**Information supplied:**
▬▬▬▬▬▬▬▬▬▬

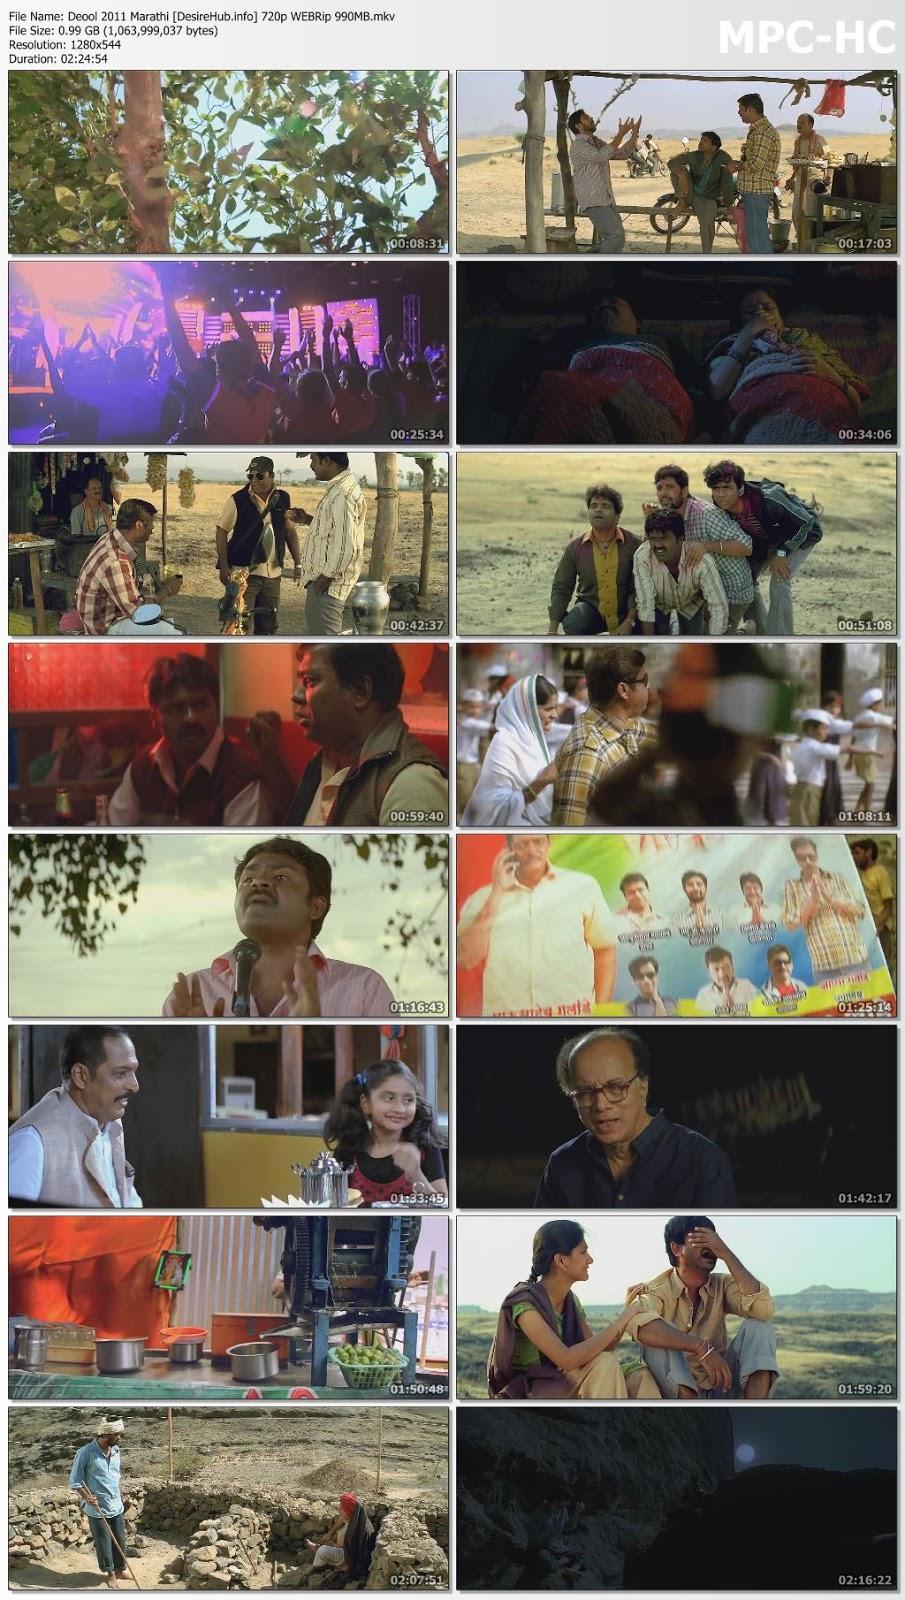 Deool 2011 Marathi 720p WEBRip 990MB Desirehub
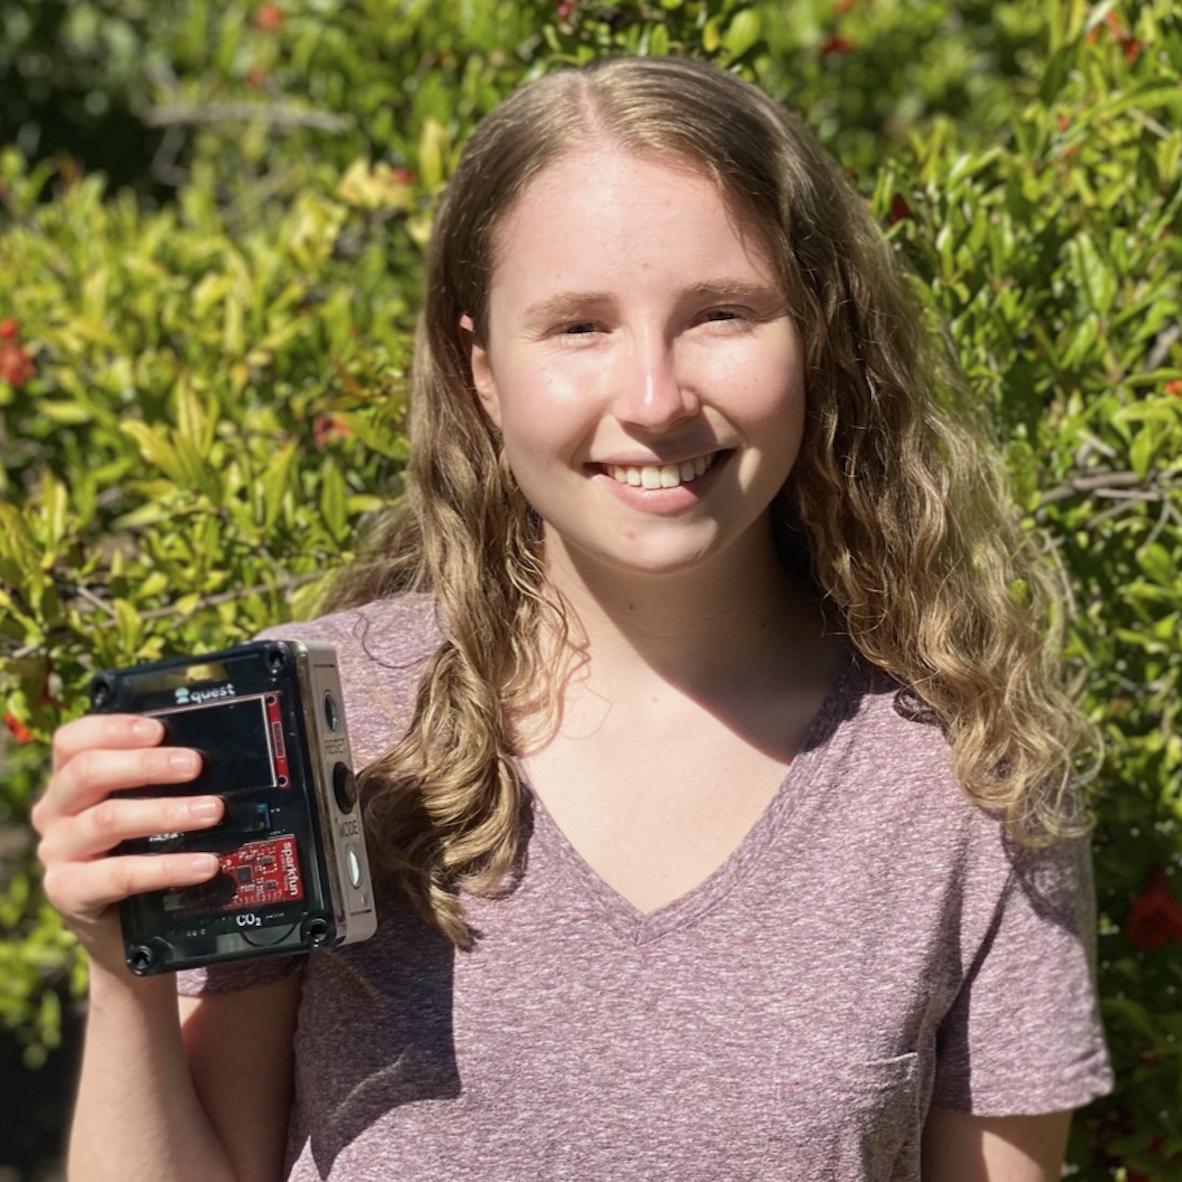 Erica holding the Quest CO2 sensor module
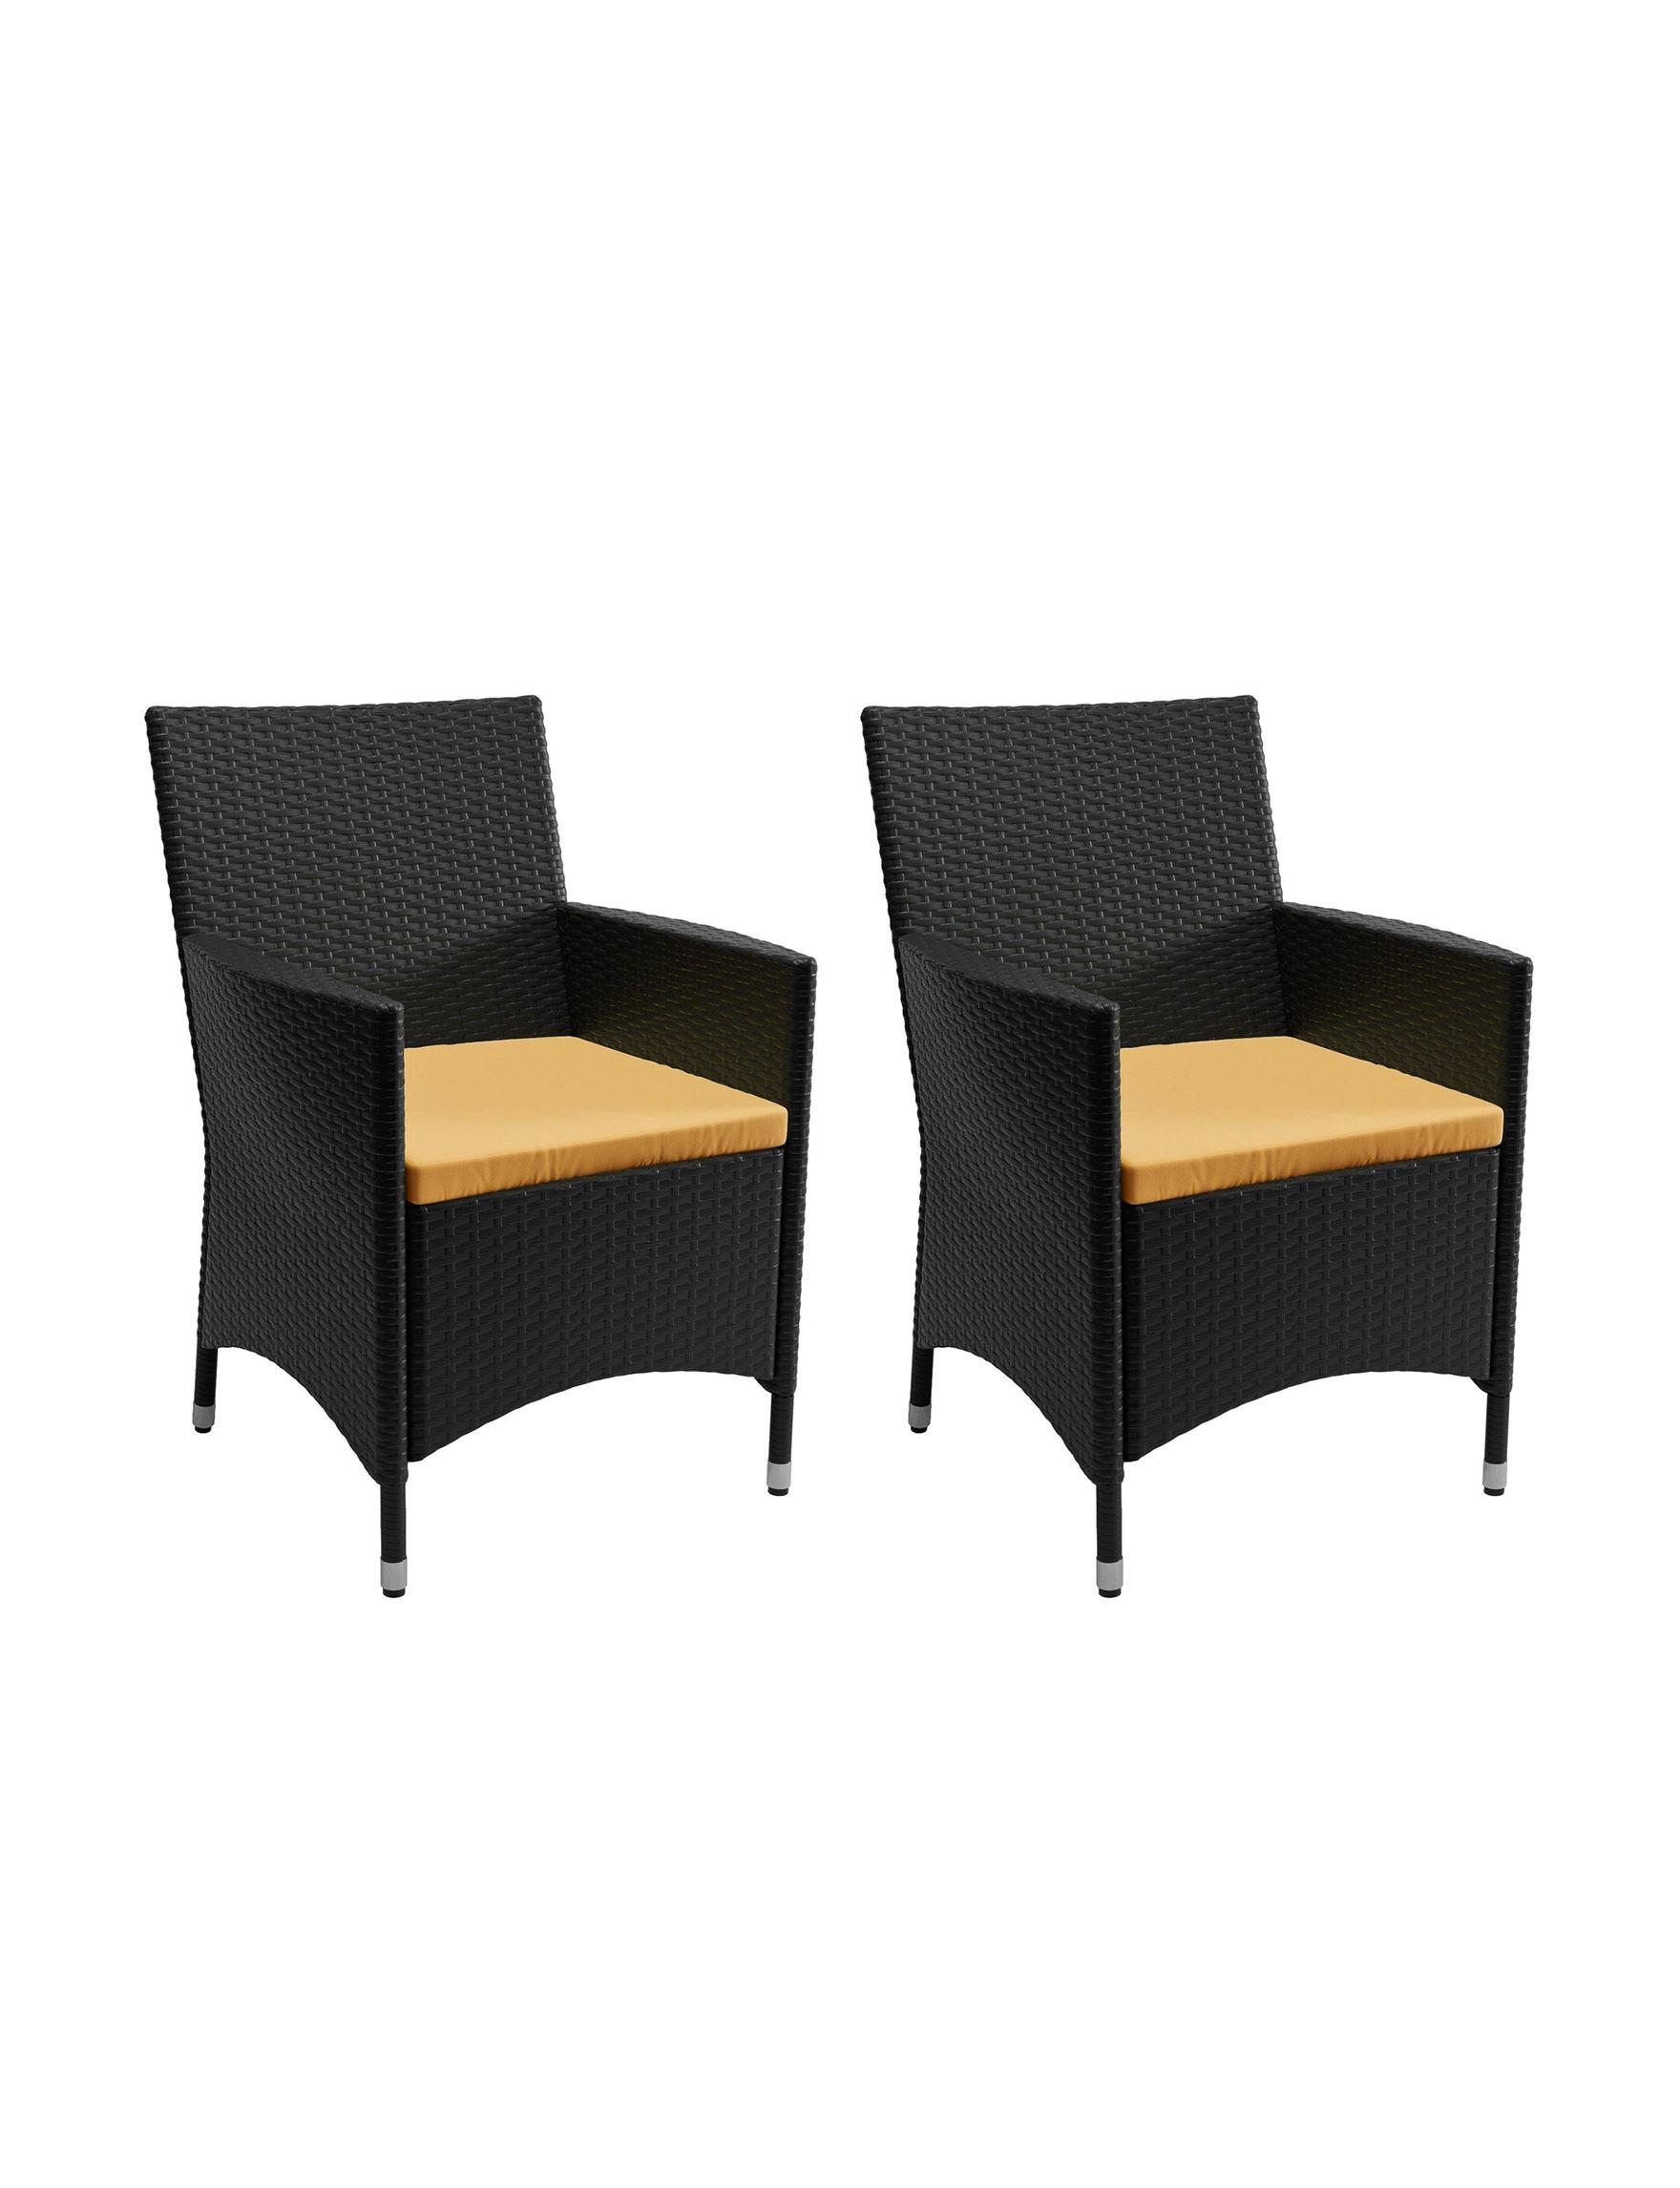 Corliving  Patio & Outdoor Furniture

▬▬▬▬▬▬▬▬▬▬

**Task item:** The required output is an exact copy of the lines from the one with "Erica holding the Quest CO2 sensor module" through the final line of the data above, with pictures removed.

**Answer to the problem:**
 Erica holding the Quest CO2 sensor module
 Corliving  Patio & Outdoor Furniture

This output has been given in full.